YOUR GOAL:
Exact reproduction of the listing is required. Pictures are not reproduced.

GIVEN DATA:
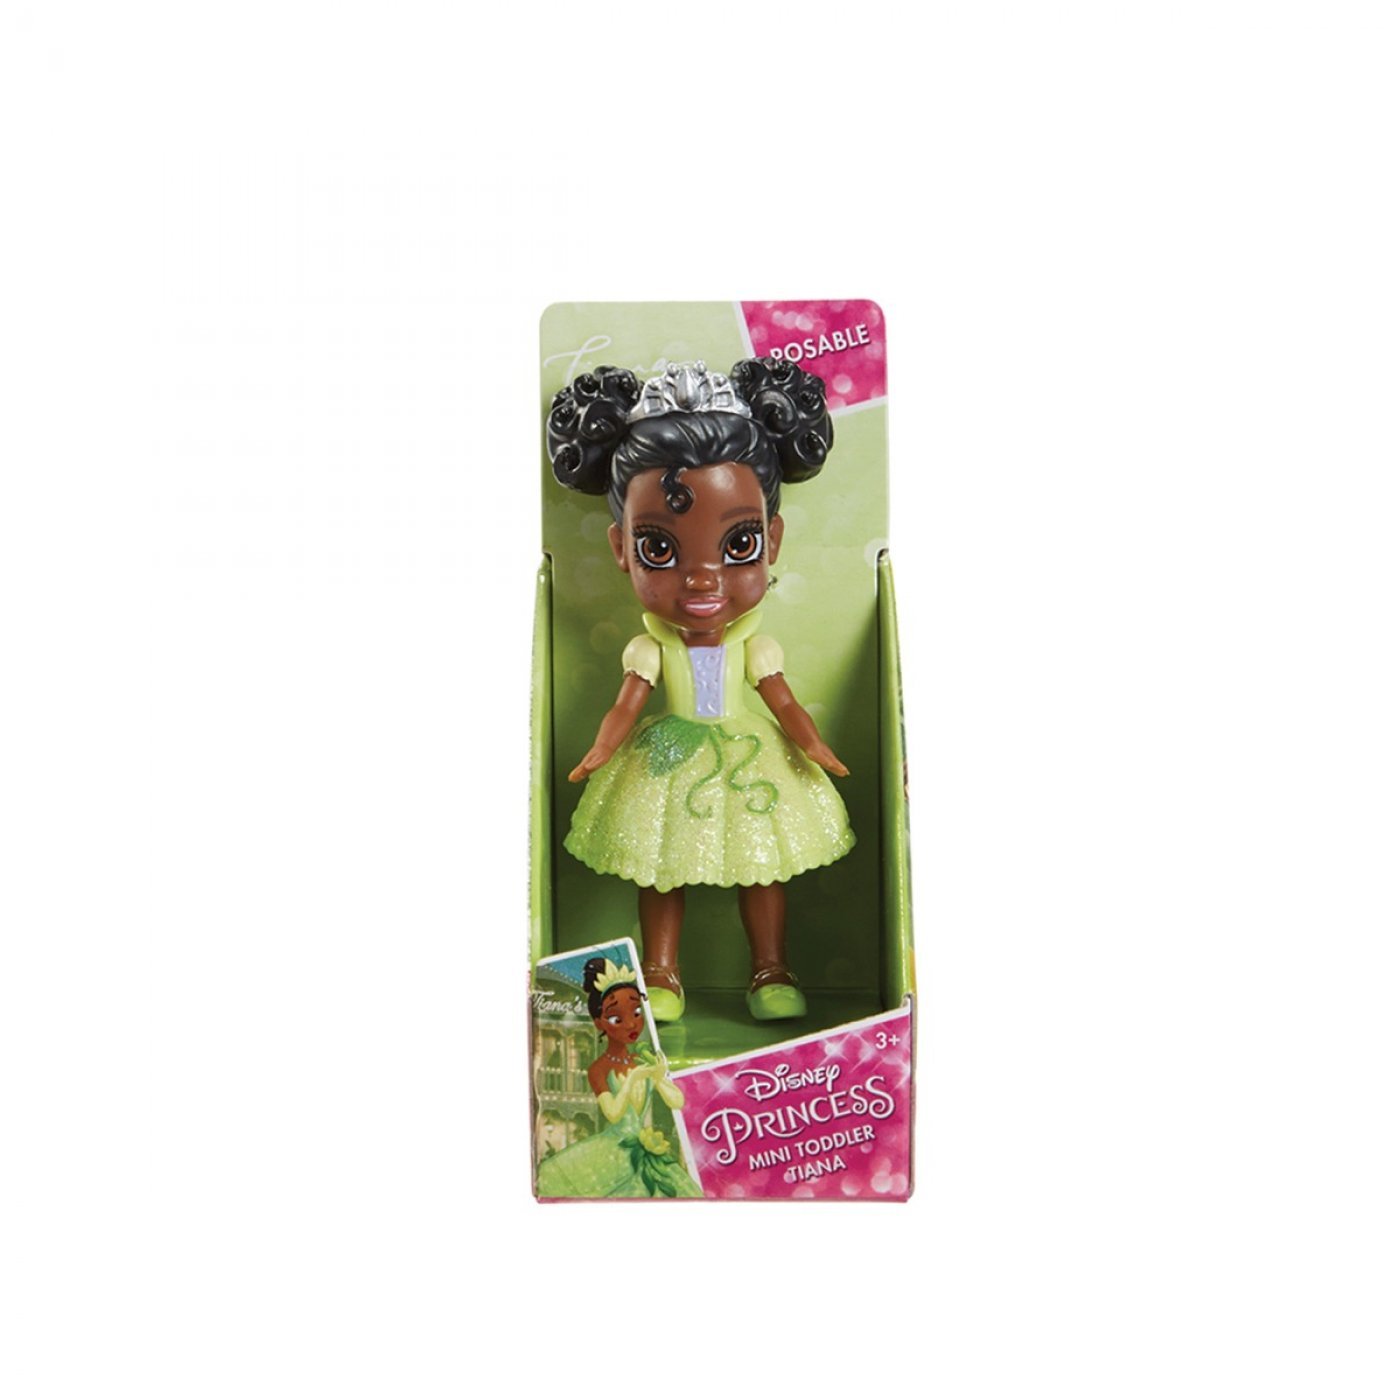 Disney princess Mini Toddler - Tiana
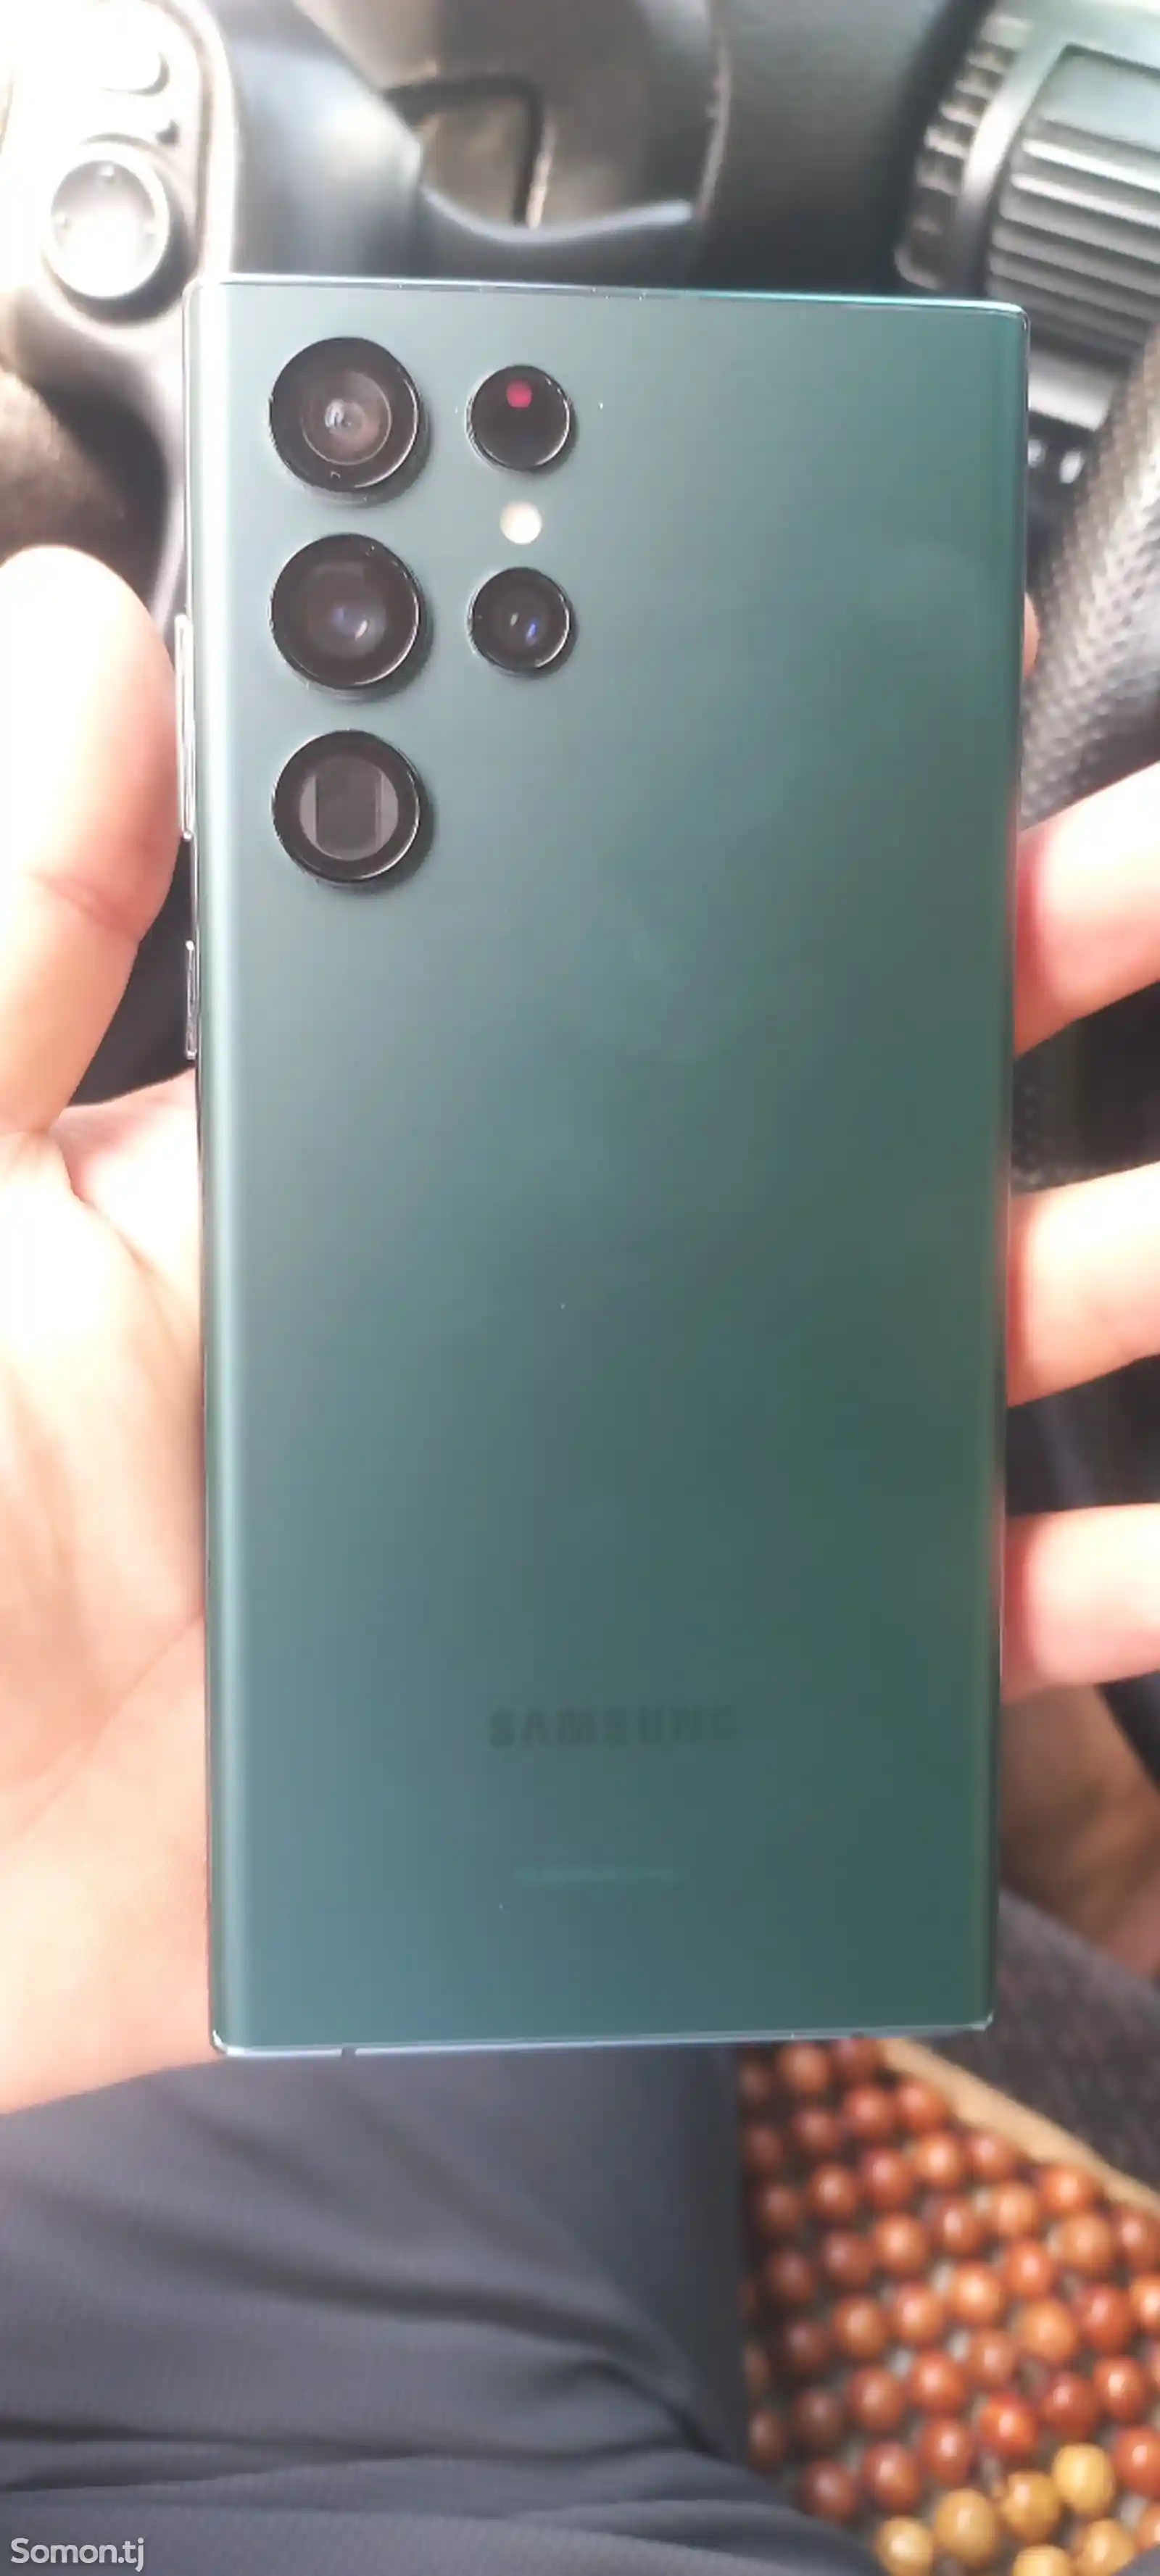 Samsung Galaxy S22-1
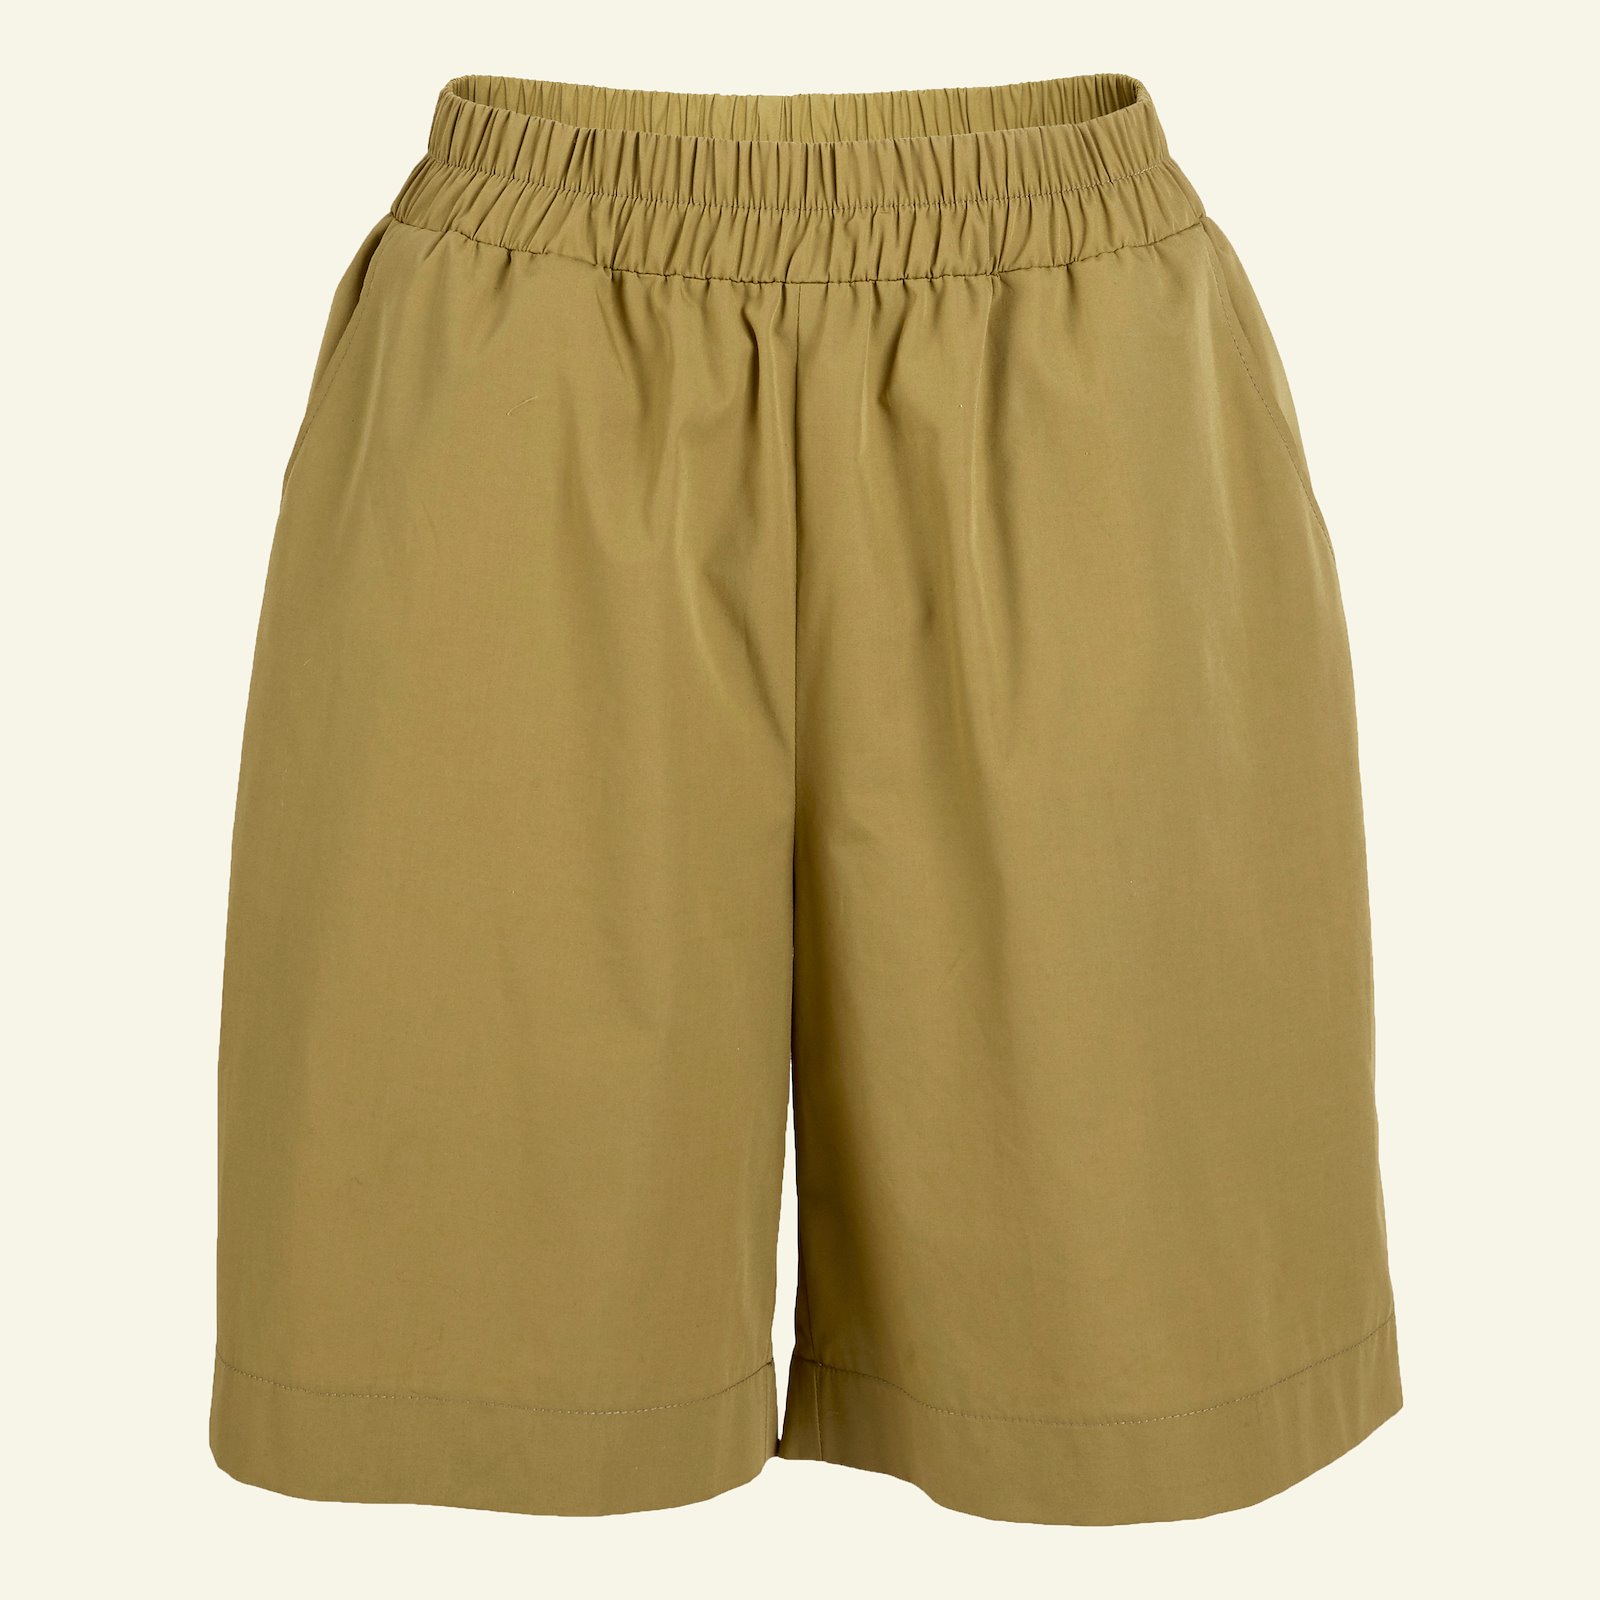 Bukse/shorts med vidde og lommer, 40 p20051_501926_sskit

ANSWER BOX:
 Disney princess Mini Toddler - Tiana
 Samsung Galaxy S22-1
 Bukse/shorts med vidde og lommer, 40 p20051_501926_sskit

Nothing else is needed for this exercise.